■ Task prompt ■
Pictures stay out, but every line of the data is copied exactly.

■ Provided material ■
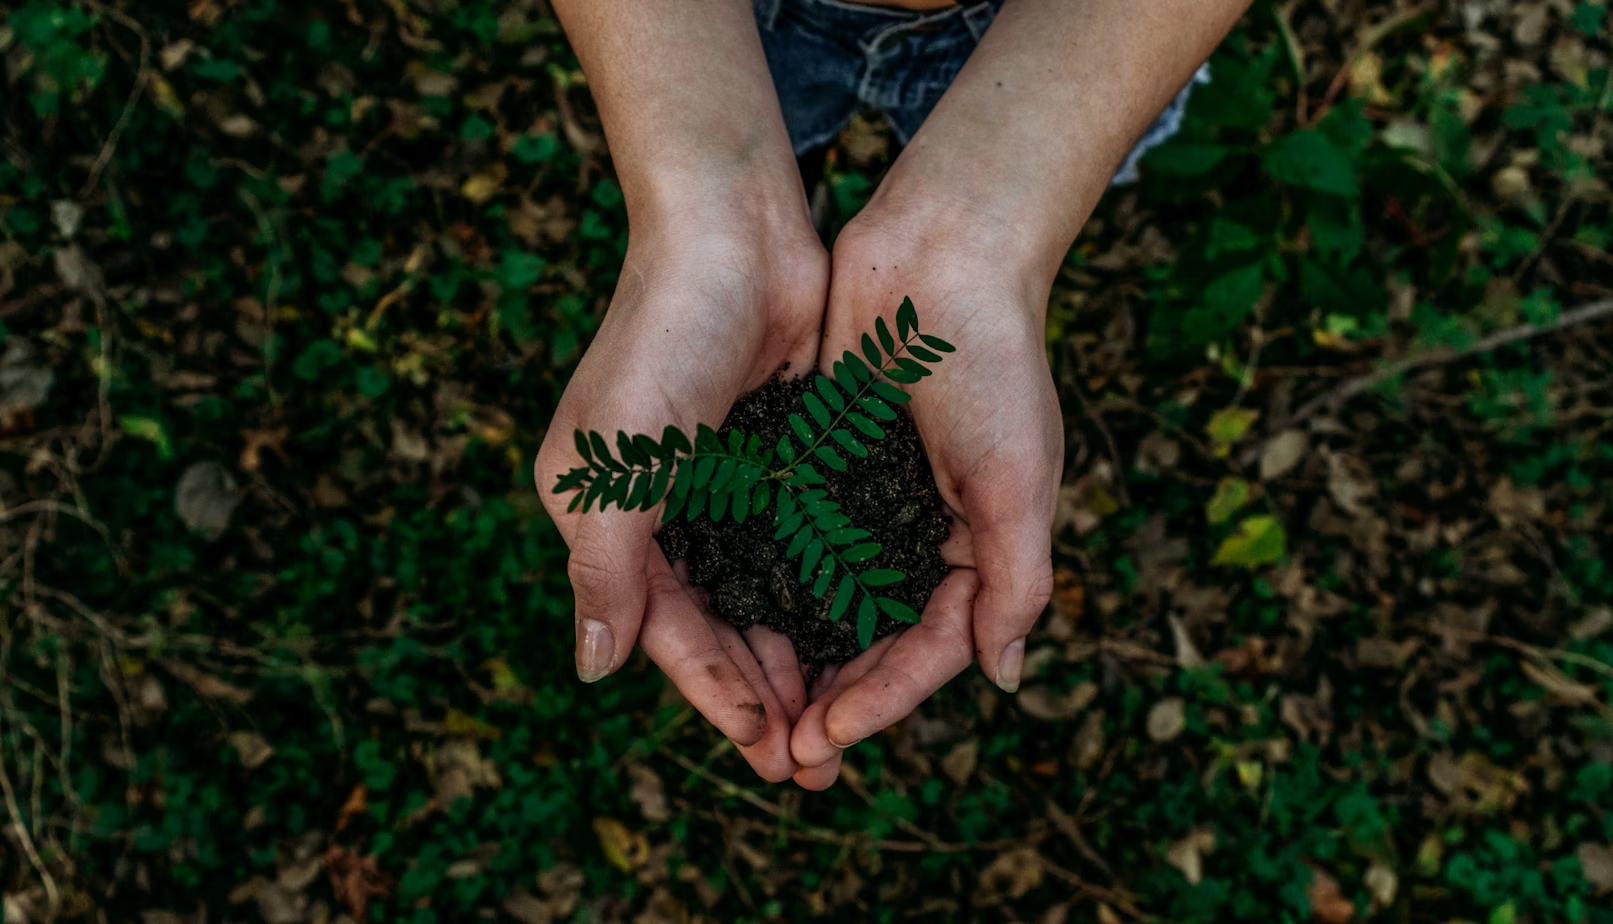 A photo of a person's hands planting a sapling in the soil
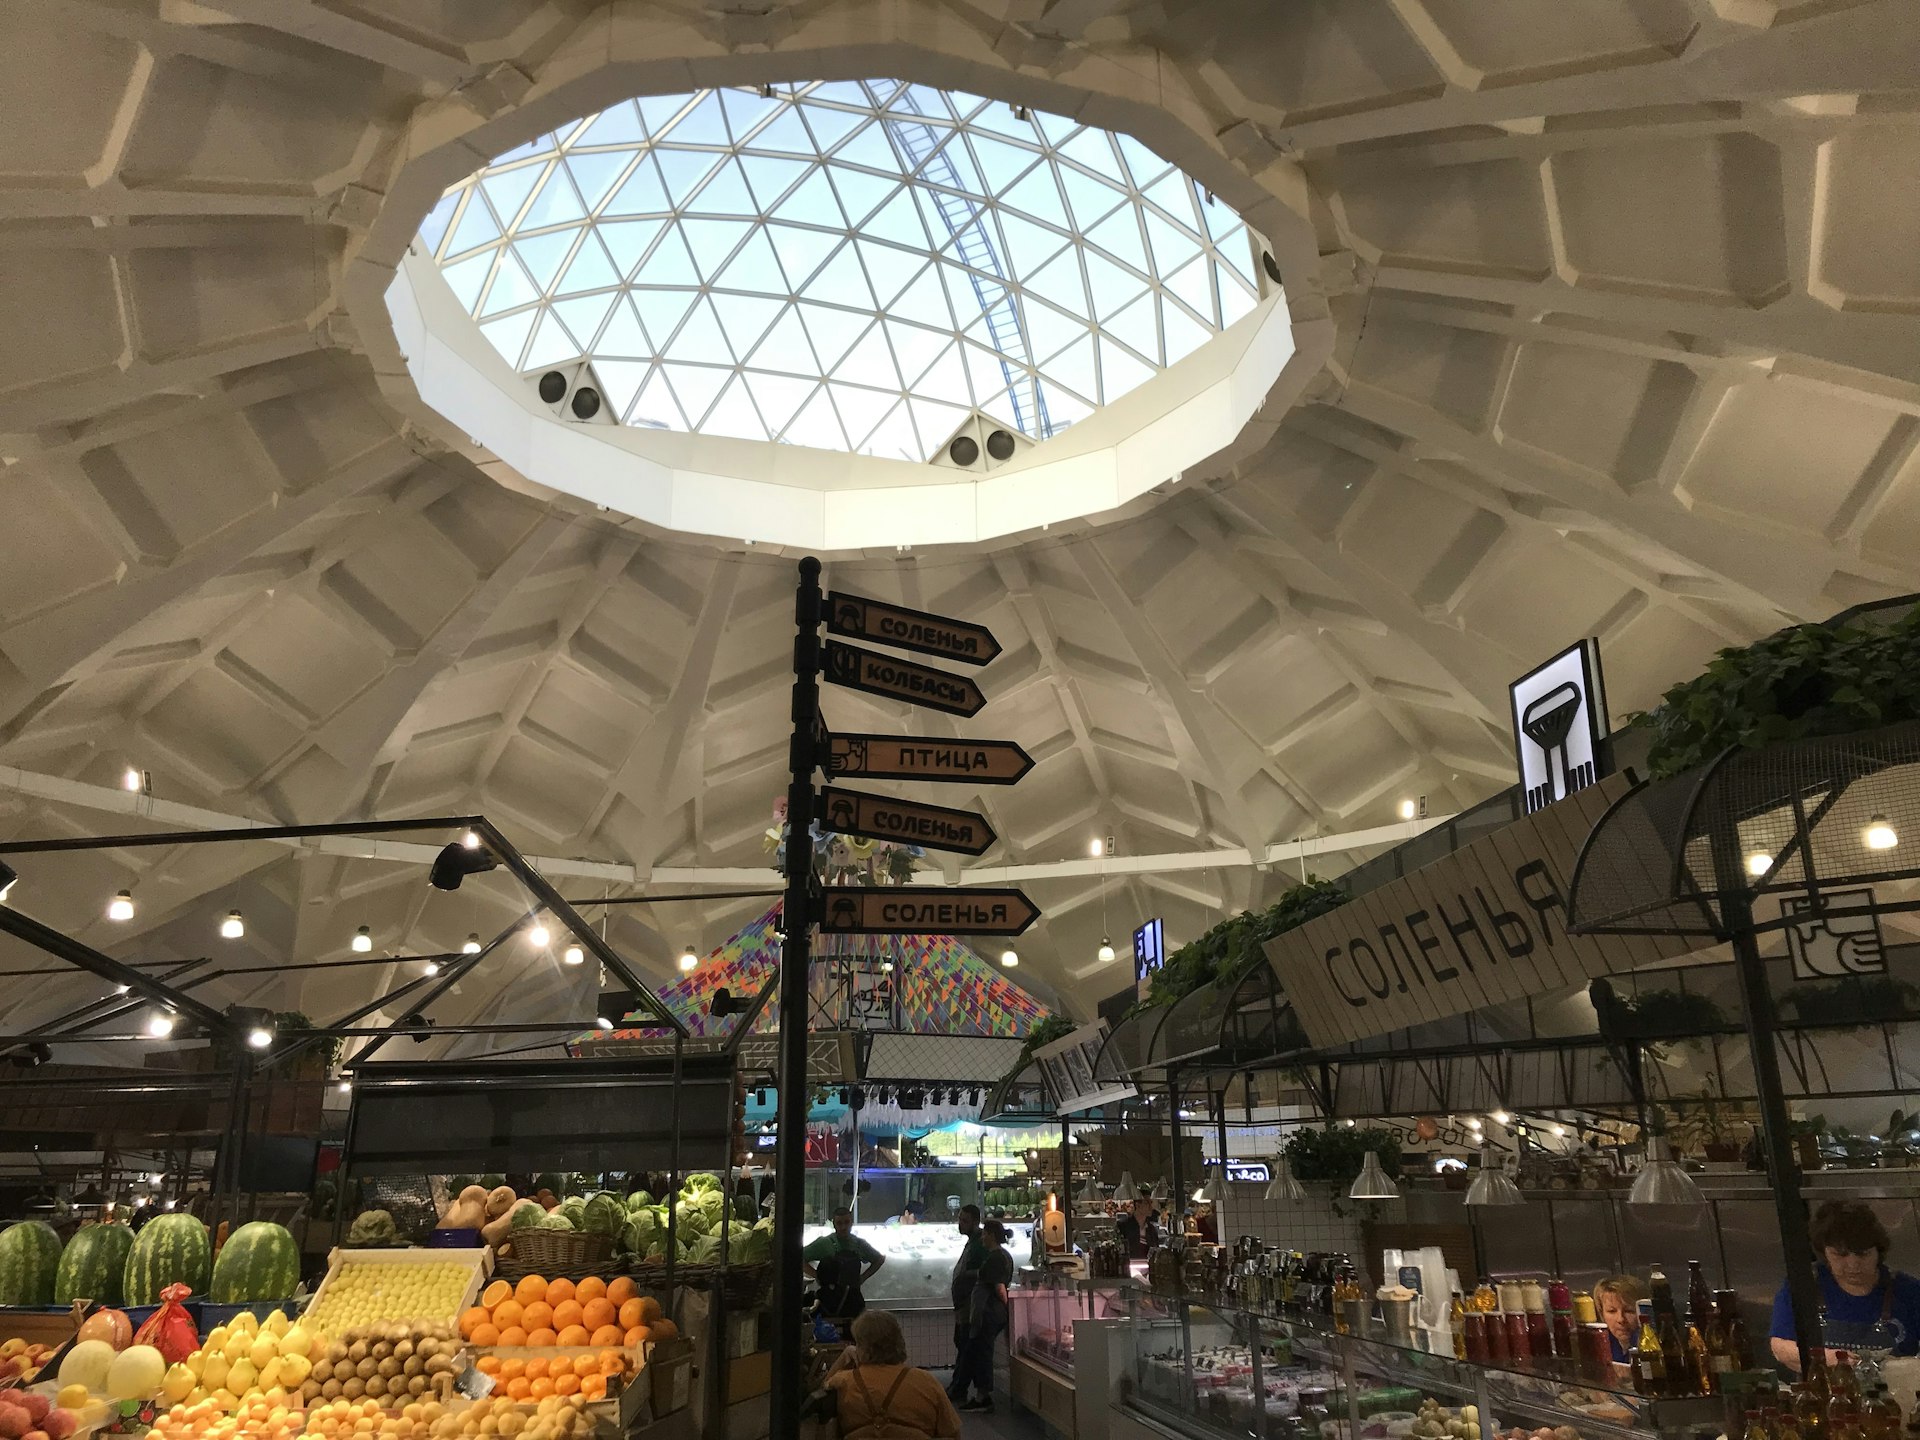 A curved ceiling with a glass domed centre; there is a fruit and veg stall to the left and a row of other market stalls to the right
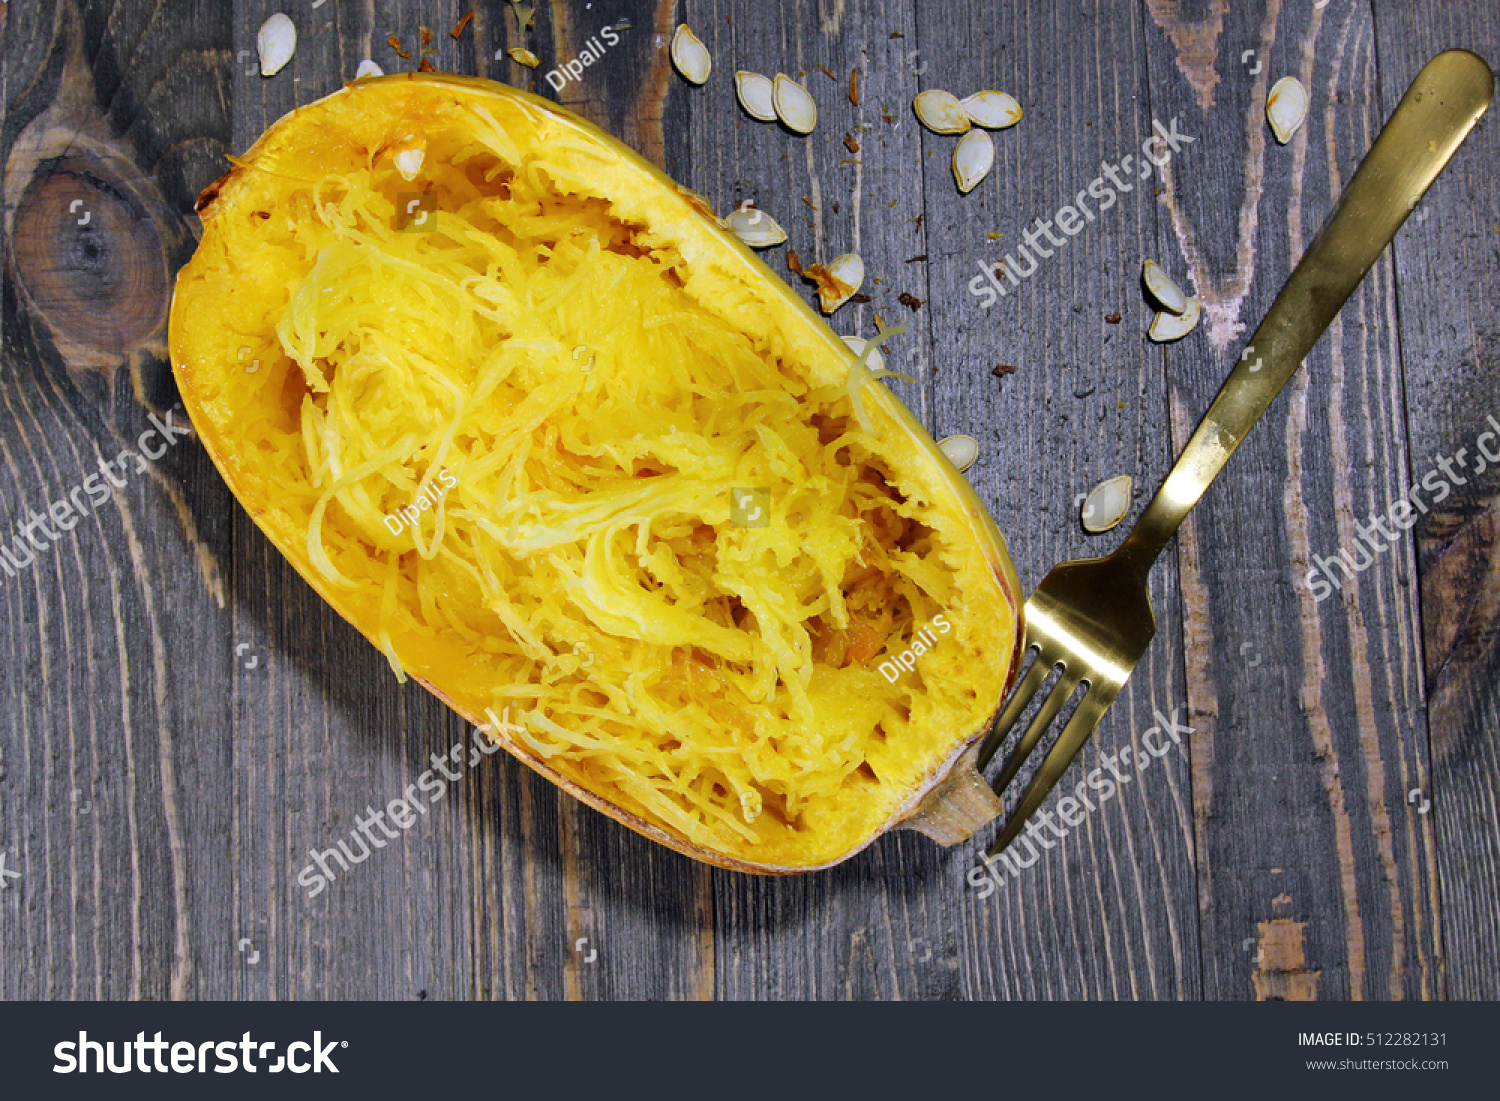 Overhead view of Spaghetti squash on a wooden background with squash seeds #512282131
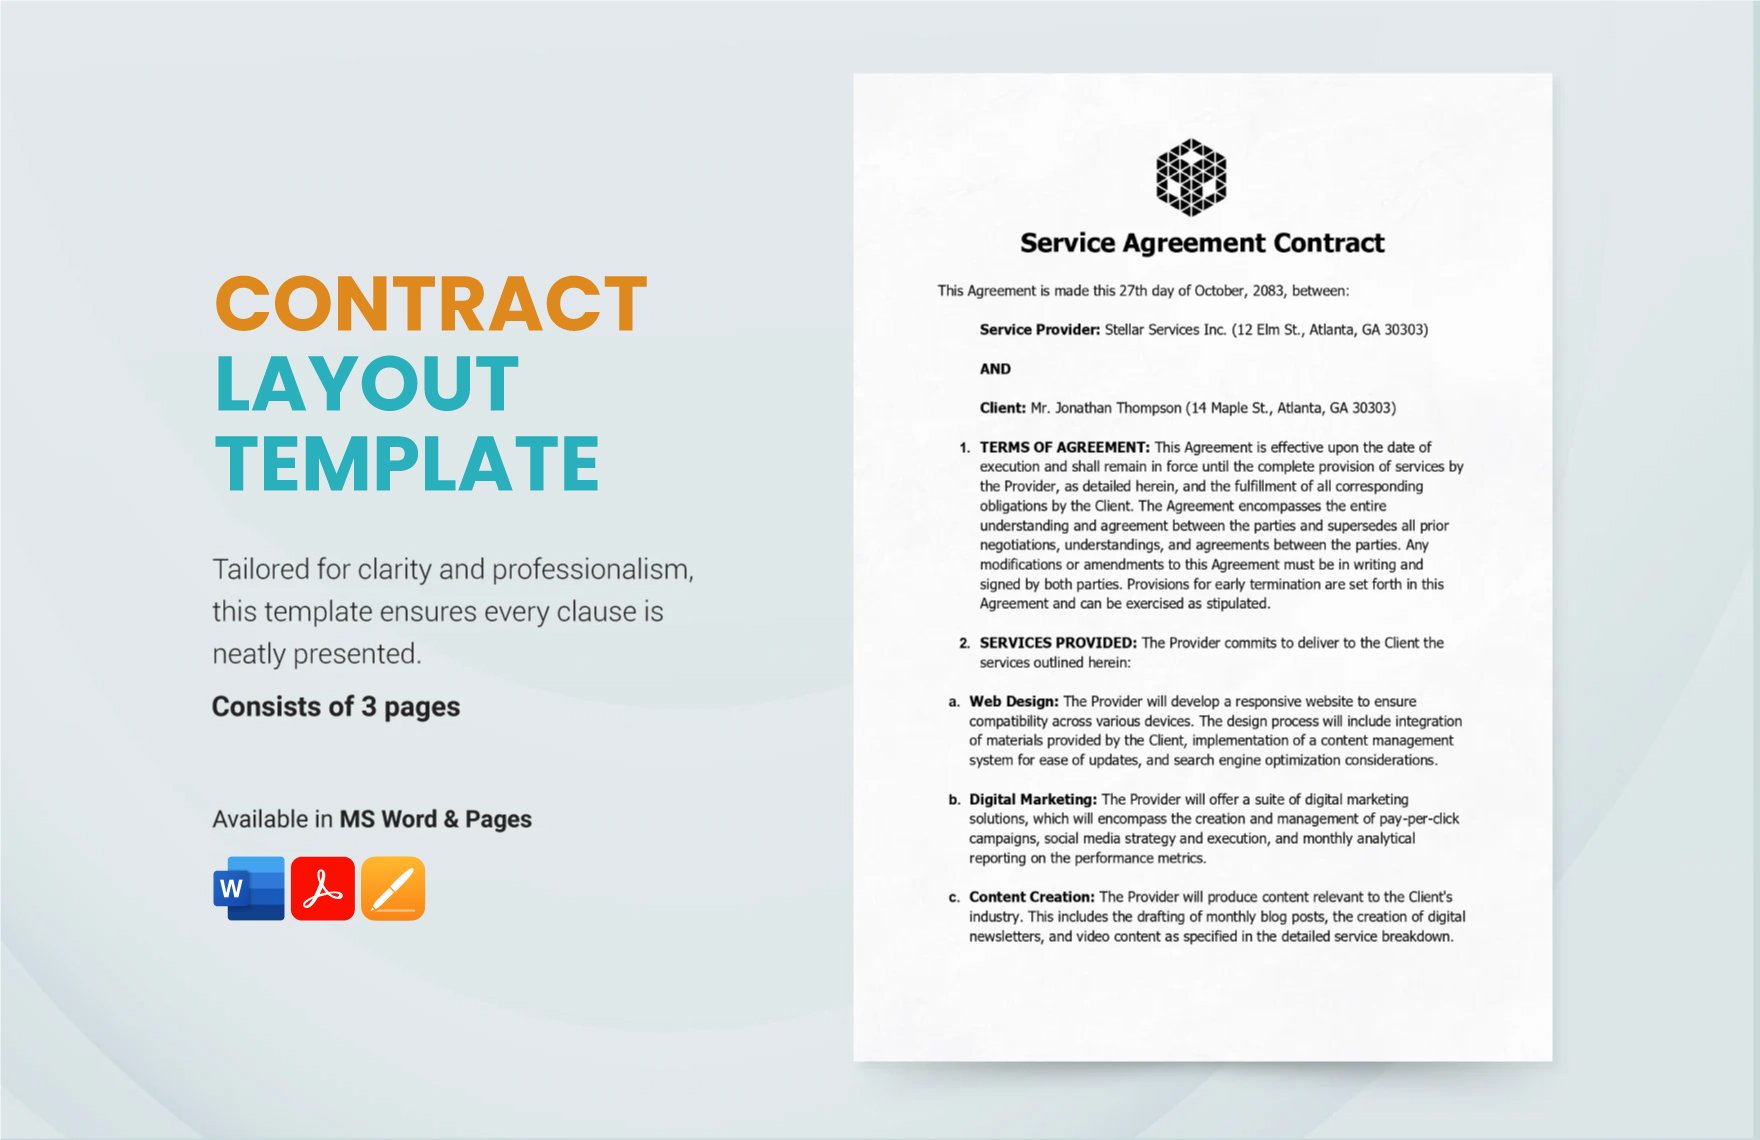 Free Contract Layout Template in Word, PDF, Apple Pages

■ Exercise result ■
 A photo of a person's hands planting a sapling in the soil
 A curved ceiling with a glass domed centre; there is a fruit and veg stall to the left and a row of other market stalls to the right
 Overhead view of Spaghetti squash on a wooden background with squash seeds #512282131
 Free Contract Layout Template in Word, PDF, Apple Pages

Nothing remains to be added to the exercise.